What are your horse power goals? You mention you don't want Td04 since you would want a 19t, but then you talk of doing a T25/28 hybrid, which would only but you in the 15t ballpark. For $400 you could bolt on a Td04-15t and have the same level of performance has the T25/28 hybrid with none of the headache (or risk) of doing the work yourself.
If you eventual plan is to go: T25>T25/28 Hybrid>Full T28 then personally I think that's a waste, you are going to end up paying to get it balanced twice, and close to twice the work.
Figure how much you are willing to spend max and where you want to end up horsepower wise and go from there.

Your current T25 holds 16 PSI from 2200 to red line in every gear?

Kei
10-04-12, 10:30 AM
a T25 will hold 1 bar (15/16psi) at 6k but it's beyond the choke line on the compressor map so its well inefficient at that point and will generate an awful lot of heat.
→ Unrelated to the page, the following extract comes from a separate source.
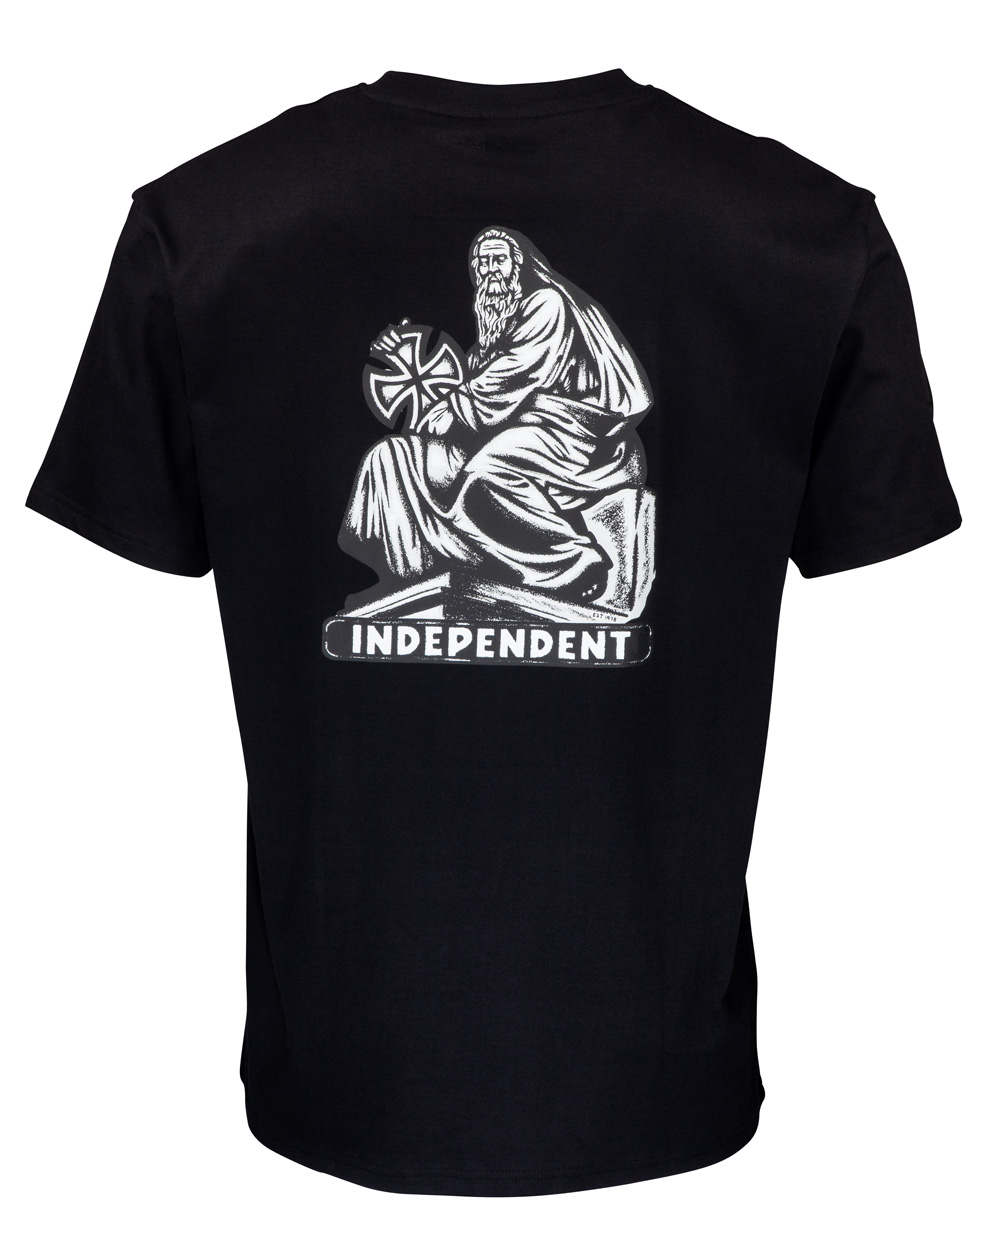 Independent Men's T-Shirt Set In Stone Black

I too am of the camp that won't bother with the TD04. (I even had one with all the parts needed to fit it, lived under my bed for a year before i sold it on to a friend) I wanted a Gpopshop Big T28 too but i can't see the point in it for me as it's beyond where i want to go. I don't want to start messing with my fuel system as it'll throw everything out. (mpg on the SID potentially less efficient etc) A hybrid T25/28 like pontius is suggesting sounded like the ideal turbo for me as it would be less stressed at the top end of stage 3 vs a standard unit. I swear i've seen some dyno plots somewhere for the hybrid achieving around 320 crank. Considering people somehow managed to squeeze 340hp out of a TD04-19T built around a no.5 housing, makes me wonder if its something to do with the actual wheel design rather than wheel size. (number 5 being a 5 sq.cm housing vs the T25 .49a/R which equates to 7 sq.cm)

A T25 hotside
http://i1142.photobucket.com/albums/n605/_-Kei-_/SAAB/Mods/IMG_3550.jpg

Vs a TD04 hot side
http://i1142.photobucket.com/albums/n605/_-Kei-_/SAAB/Mods/TD04-4.jpg

smut
11-04-12, 10:47 AM
I think that this is a great thread so I hope you,PONTIUS will continue to post us on your build .Its great to see what can be done on the cheap.I sometimes wish Id taken that route although my HP goals are too high for the T25. CARRY ON!

Demusku
13-04-12, 02:39 AM
I threw a T25 in mine untill i had the money to do the full T28 upgrade, think it was $800. I wanted to go with a direct fit since i dont have much time to play with making things work. I've had the T28(both wheels changed) for about a week now and so far im very happy with it. Have cold air intake and stock exhaust, still waiting for my exhaust to get here, and no tune yet. But with this setup spools about 2800 rpms and hold boost well through out all gears although i only had her up to a little over 100mph.

IDK if this helps anything i read through kinda quick but it felt a bit like a debate i was having with myself on what to do with my turbo after the original crapped the bed.